Das ließ allerdings ihr Stolz nicht zu. Außerdem hätte sie damit alles nur noch schlimmer gemacht. Sie versuchte, sich zu beruhigen. Sie war doch bis jetzt immer selbstbewusst genug gewesen, um sich ihres Mannes sicher zu sein. War vielleicht doch diese verdammte Josefa Machherndl und nicht diese Kokotte an ihrer Gemütslage schuld?
Bei der Zubereitung des Menüs konnte sie sich überhaupt nicht konzentrieren.
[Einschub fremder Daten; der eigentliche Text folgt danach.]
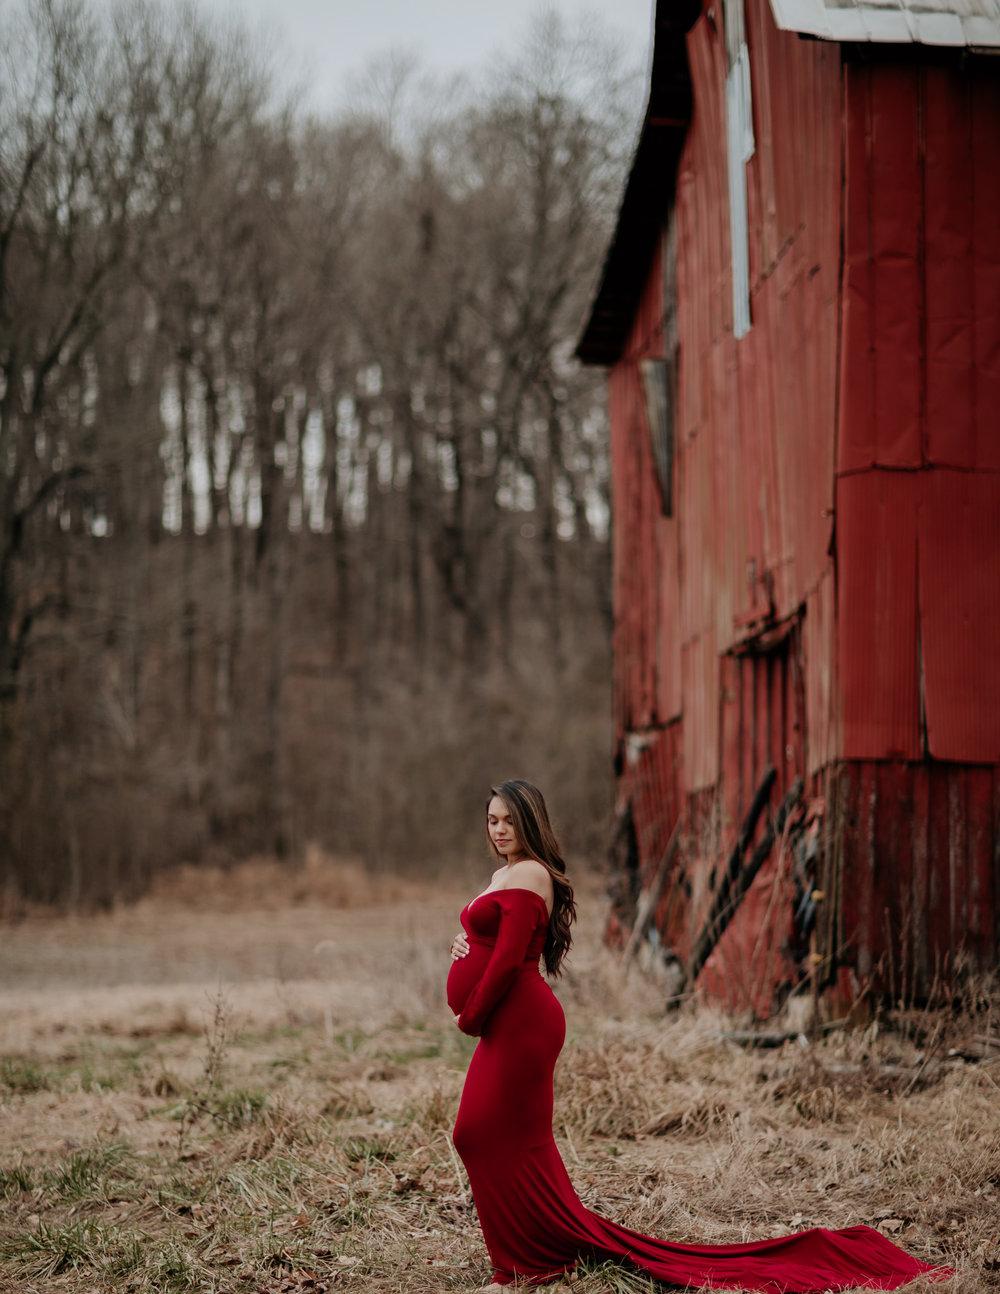 barn and maternity photo

Sie war so zerstreut, dass sie sich sogar vom Koch die Frage gefallen lassen musste, ob sie heute zum ersten Mal in einer Küche stehen würde. Zwar mit einem Augenzwinkern vorgetragen. Aber bei jemandem, dessen oberstes Ziel es doch war, nur ja keinen Kursteilnehmer zu verärgern, war das doch eine sehr deutliche Ansage. Den heutigen Tag musste sie jedenfalls abschreiben.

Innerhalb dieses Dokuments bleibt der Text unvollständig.